0210 GMT February 19, 2020
The Royal Swedish Academy of Sciences awarded the prize to Jean-Pierre Sauvage, Sir J. Fraser Stoddart and Bernard L. Feringa, who will share a prize of nearly $1 million, UPI wrote.
"The development of computing demonstrates how the miniaturization of technology can lead to a revolution," The Royal Swedish Academy of Sciences said.
"The 2016 Nobel laureates in chemistry have miniaturized machines and taken chemistry to a new dimension."
Sauvage was born in Paris in 1944 and serves as professor emeritus at the University of Strasbourg and as the director of research emeritus at France's National Center for Scientific Research.
He successfully linked two ring-shaped molecules together to form a chain — known as a catenane — in 1983.
Molecules are normally joined by strong covalent bonds, in which atoms share electrons, but Sauvage linked them with a mechanical bond, which is freer for movement.

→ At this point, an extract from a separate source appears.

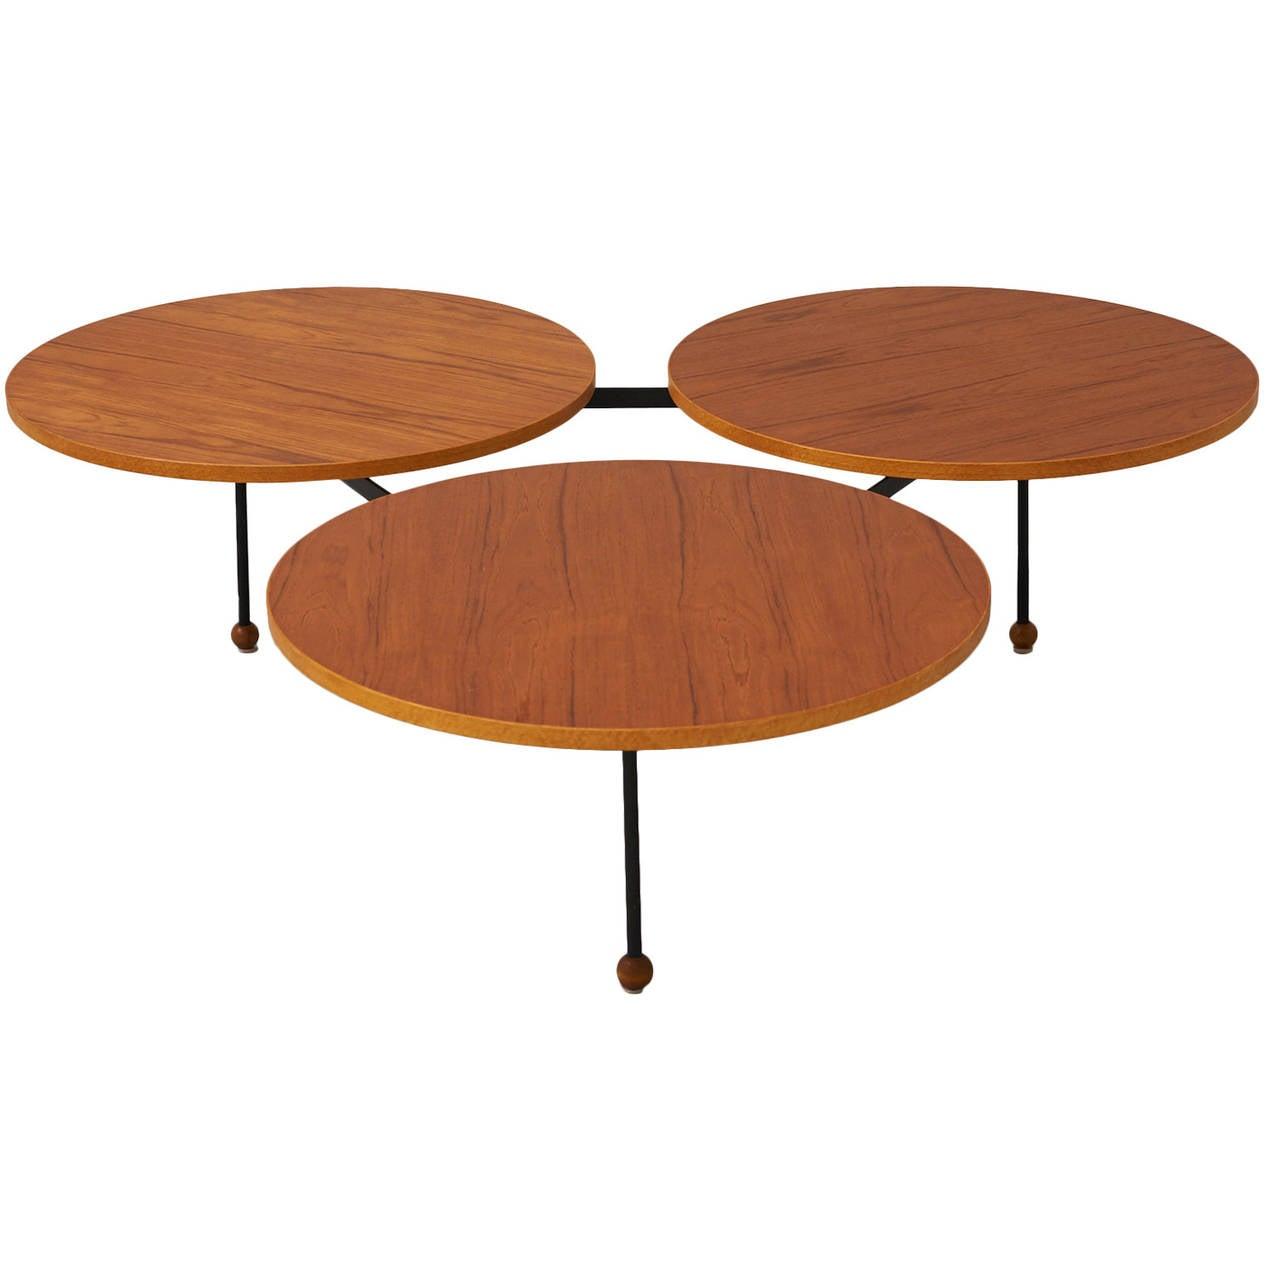 Greta grossman saucer table for sale at 1stdibs greta grossman saucer table 1 geotapseo Gallery
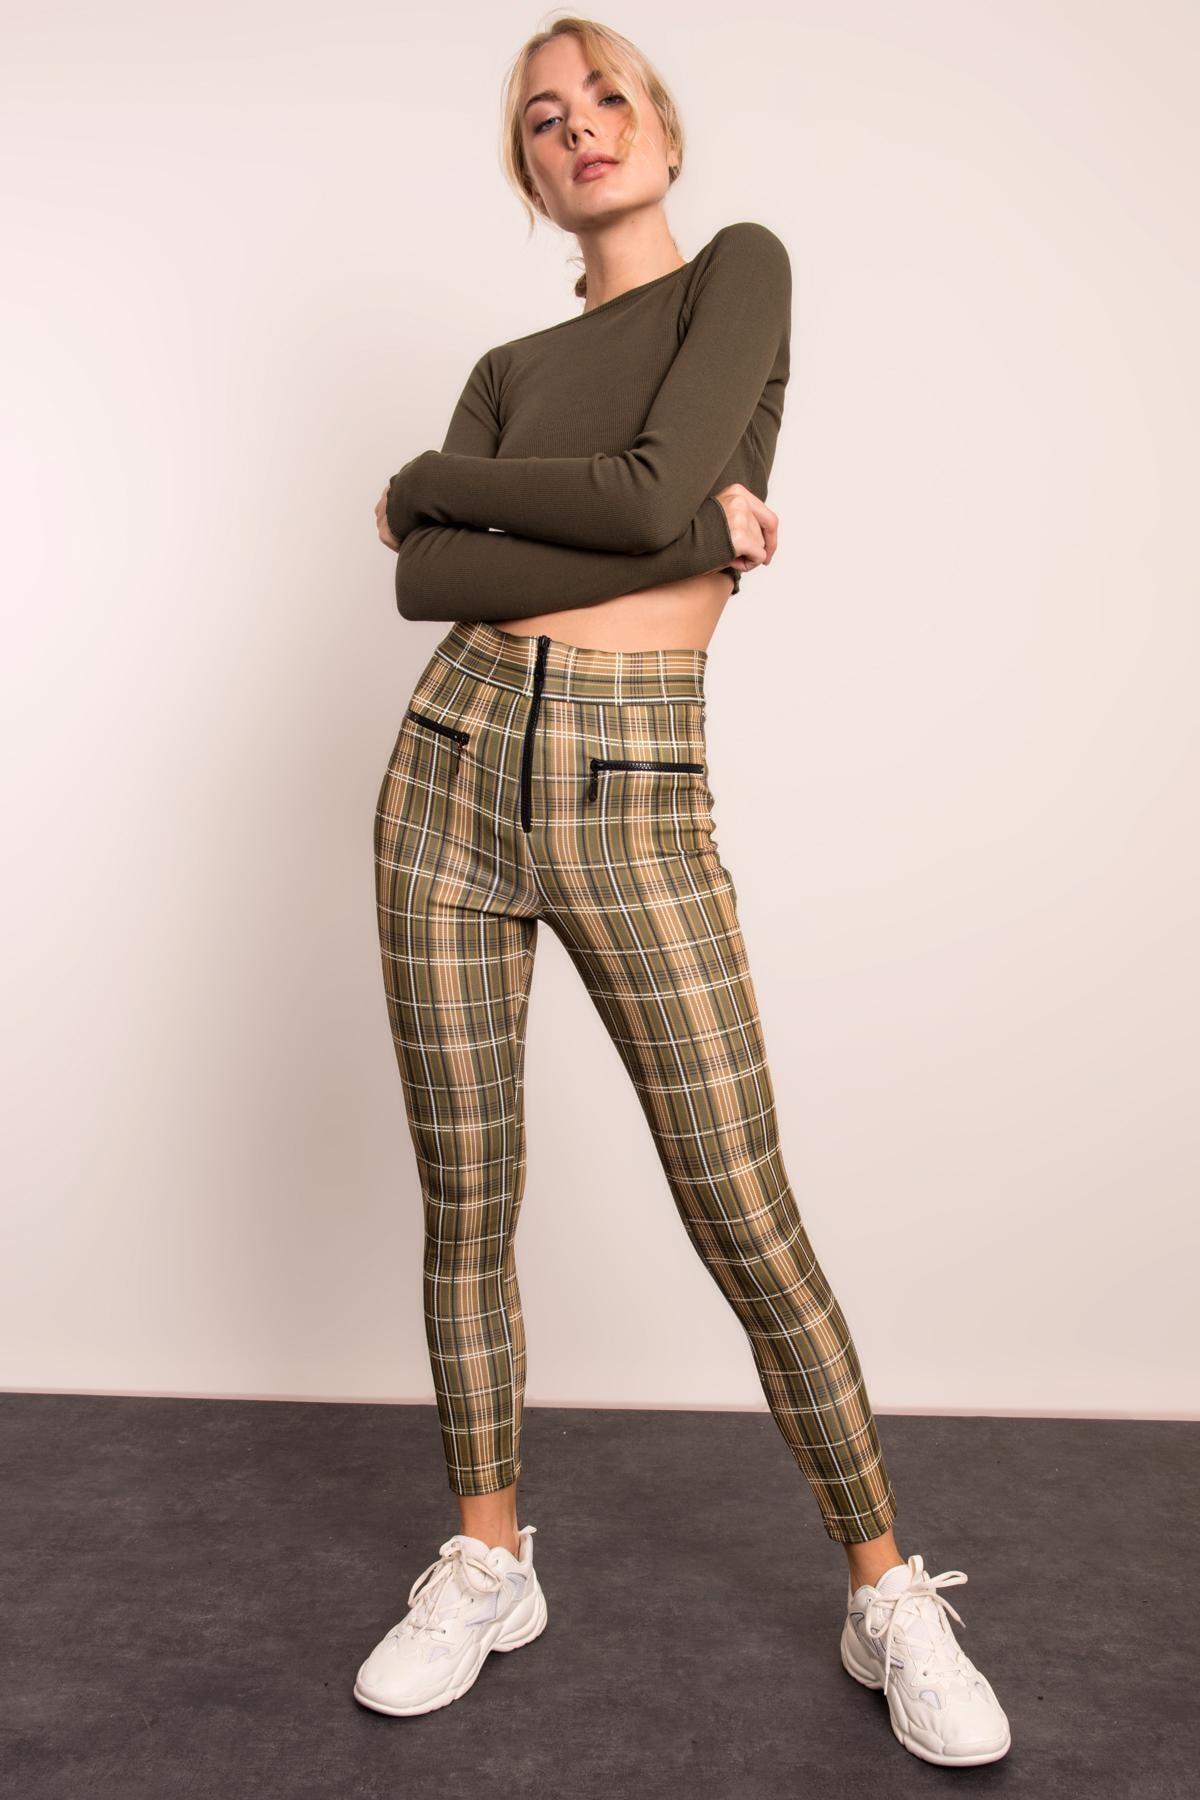 BSL Kadın Haki Yüksek Bel Fermuar Detaylı Dar Paça Pantolon 2

"For a machine to be able to perform a task it must consist of parts that can move relative to each other. The two interlocked rings fulfilled exactly this requirement," the science academy wrote.
Stoddart was born in Edinburgh, Scotland, in 1942 and serves as a professor of chemistry in Illinois' Northwestern University's Board of Trustees.
In 1991, Stoddart threaded a molecular ring onto a thin molecular axle and in doing so developed what is known as a rotaxane by demonstrating the ring could move along the axle.
Molecular lifts, molecular muscles and molecule-based computer chips are developments based on rotaxanes.
Feringa was born in 1952 in the Netherlands and serves as a professor of organic chemistry at the University of Groningen. In 1999, Feringa was the first to develop a molecular rotor.
"He got a molecular rotor blade to spin continually in the same direction. Using molecular motors, he has rotated a glass cylinder that is 10,000 times bigger than the motor and also designed a nanocar," the academy wrote.
The academy added that this year's chemistry Nobel laureates took "molecular systems out of equilibrium's stalemate and into energy-filled states in which their movements can be controlled".
"In terms of development, the molecular motor is at the same stage as the electric motor was in the 1830s, when scientists displayed various spinning cranks and wheels, unaware that they would lead to electric trains, washing machines, fans and food processors," the academy wrote.
"Molecular machines will most likely be used in the development of things such as new materials, sensors and energy storage systems."